== Aim of the exercise ==
Line by line, transcribe the data below exactly and pass over the images.
[Opening Data provided section]
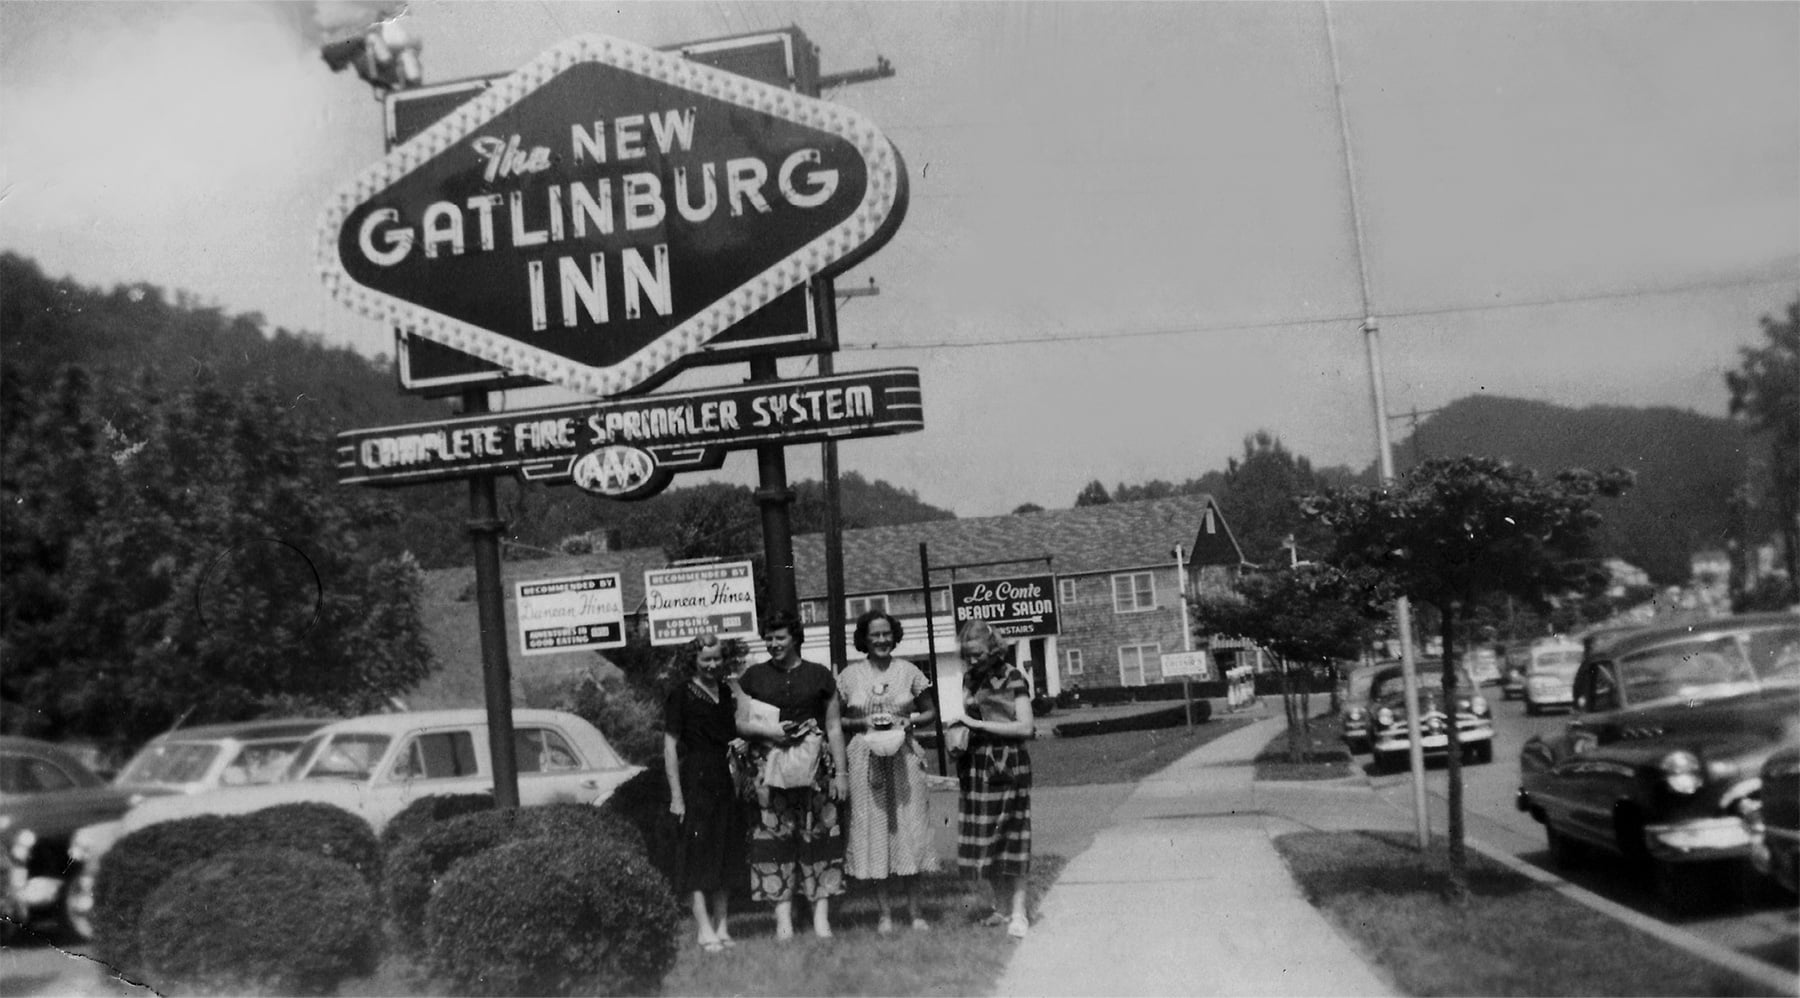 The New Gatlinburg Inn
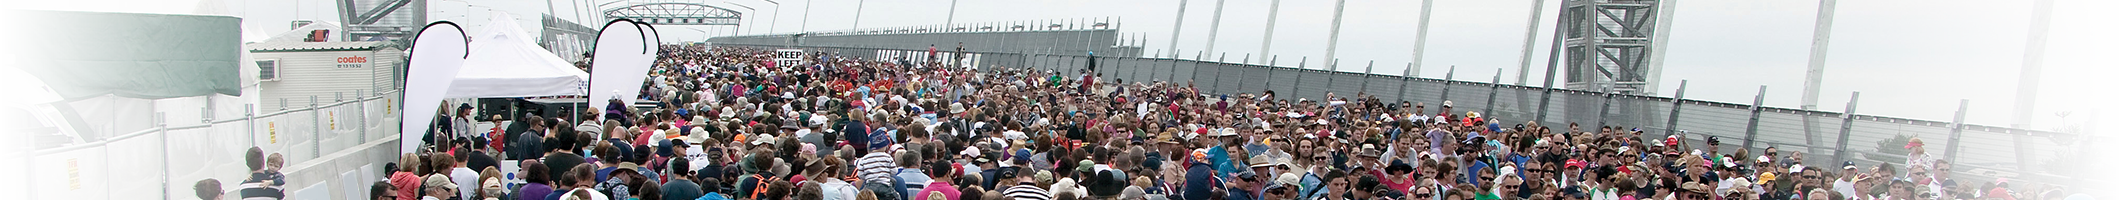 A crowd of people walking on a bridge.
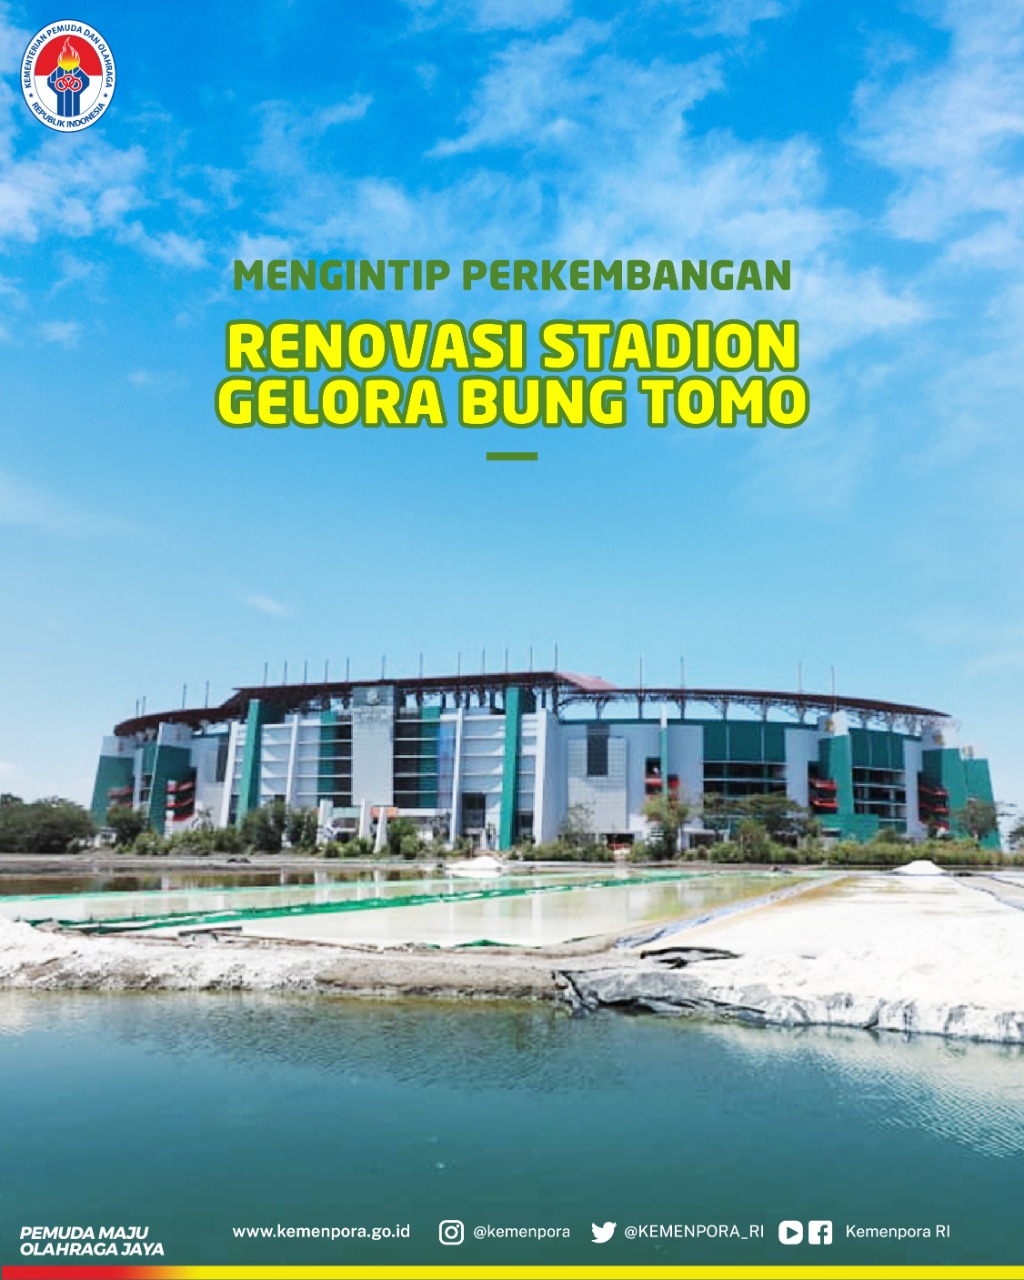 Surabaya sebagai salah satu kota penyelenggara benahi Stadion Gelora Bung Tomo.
[Closing Data provided section]
== Written response ==
 The New Gatlinburg Inn
 A crowd of people walking on a bridge.
 Surabaya sebagai salah satu kota penyelenggara benahi Stadion Gelora Bung Tomo.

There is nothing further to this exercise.